La leçon de cette affaire dépasse la question du droit d’auteur. Elle touche à un principe que nous défendons chez LeCollectif : la souveraineté sur vos propres données inclut la maîtrise de votre histoire numérique.

Quand l’Éducation nationale renouvelle son contrat Microsoft malgré ses propres consignes, c’est le même réflexe de dépendance à l’œuvre. On confie ses données à un tiers, on perd le contrôle, et on découvre trop tard que le tiers a changé les règles.

Pour les PME, les leviers existent. Archiver soi-même ses contenus critiques. Privilégier des solutions auto-hébergées pour les données sensibles. Maintenir des sauvegardes hors plateforme.
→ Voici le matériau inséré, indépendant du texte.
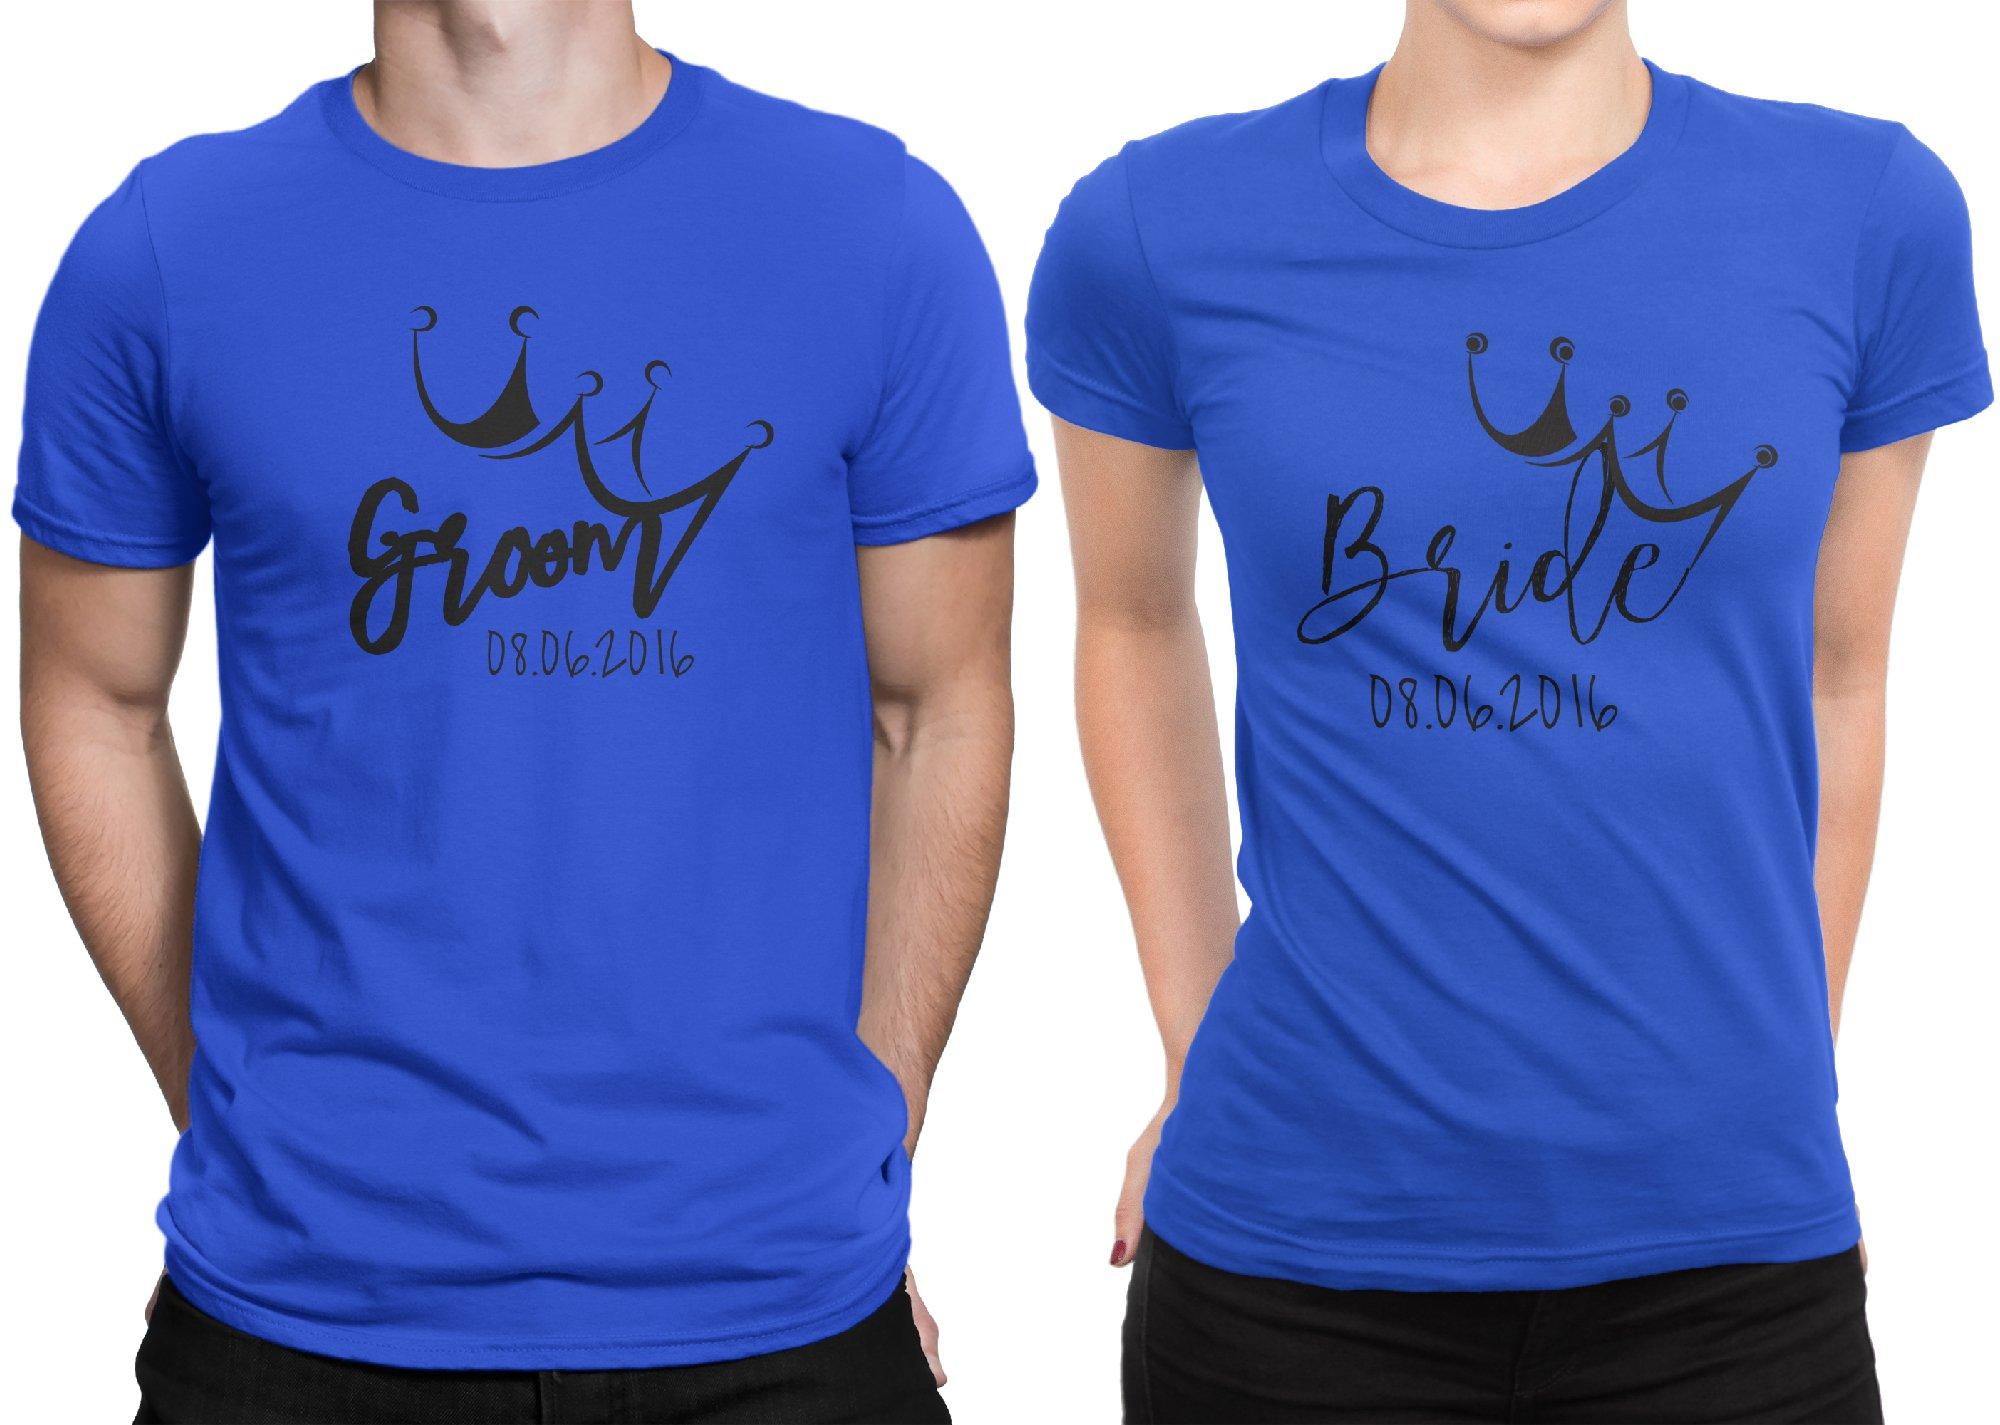 Groom Bride Crown Newly Married Couple Matching T-shirt Honeymoon valentines Men X-Large / Women Medium | Royal Blue - Royal Blue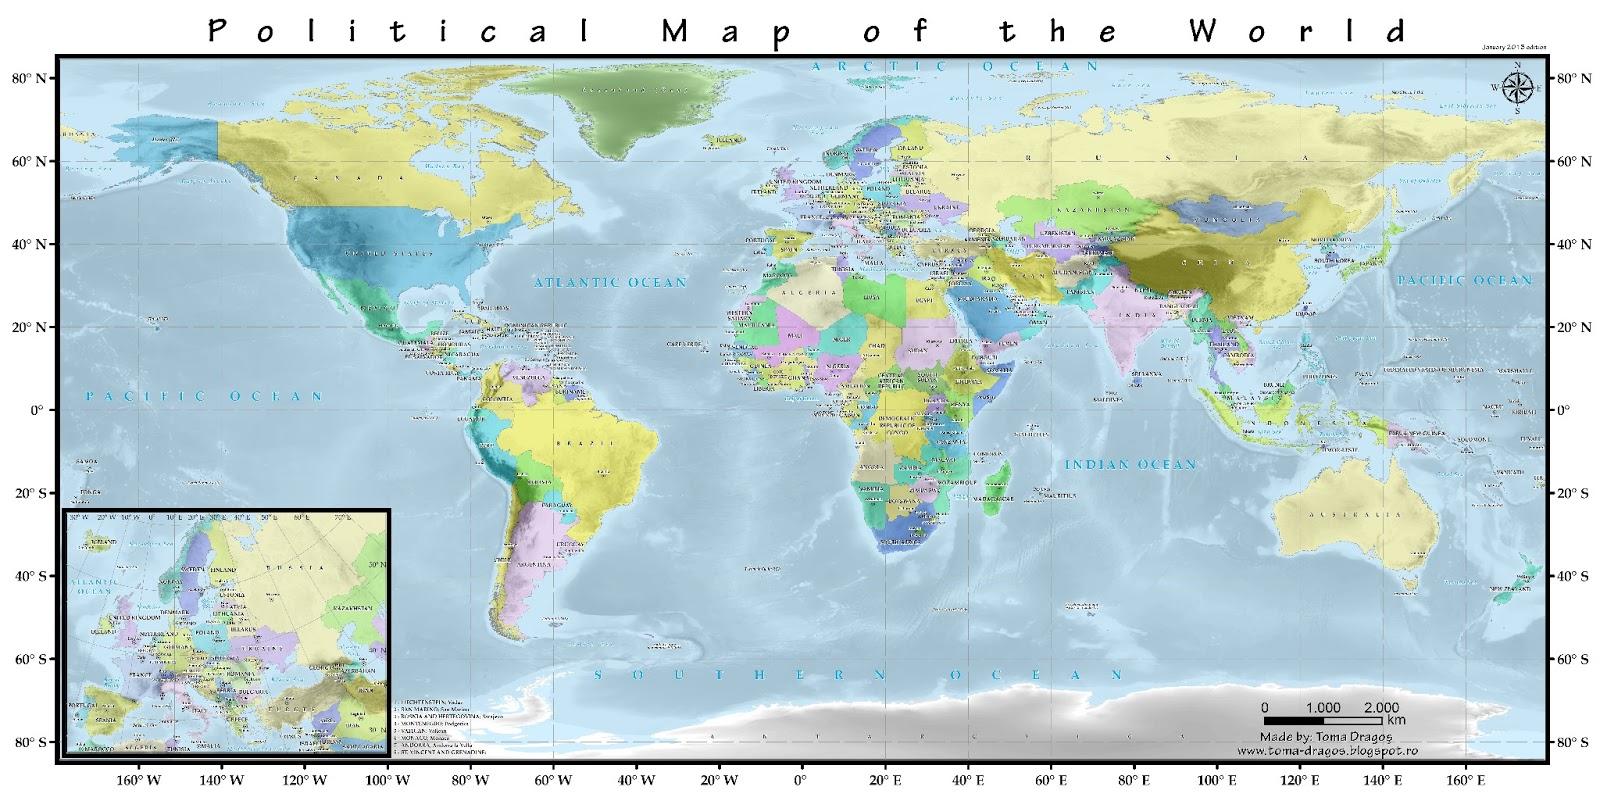 Lumea geografic i muzical a lui Drago Political map of the world and of

Ce ne sont pas des précautions excessives : c’est le minimum quand le web ouvert recule.

Notre position

Chez LeCollectif, nous pensons qu’un web ouvert est un bien commun. Internet Archive ne menace pas les éditeurs de presse : il préserve leur travail pour les générations futures. Bloquer une bibliothèque parce qu’on a peur d’un voleur, c’est fermer les portes du savoir sans empêcher le vol.

Les PME qui prennent au sérieux la maîtrise de leurs données sont mieux positionnées que celles qui subissent les décisions des plateformes. Posséder votre infrastructure, archiver vos contenus, contrôler vos fichiers robots.txt en connaissance de cause : voilà ce qui vous différencie des entreprises qui découvrent, après coup, qu’elles ont effacé leur propre mémoire.

Sources principales : EFF, « Blocking the Internet Archive Won’t Stop AI, But It Will Erase the Web’s Historical Record », mars 2026 ; Techdirt, « News Publishers Are Now Blocking The Internet Archive, And We May All Regret It », février 2026.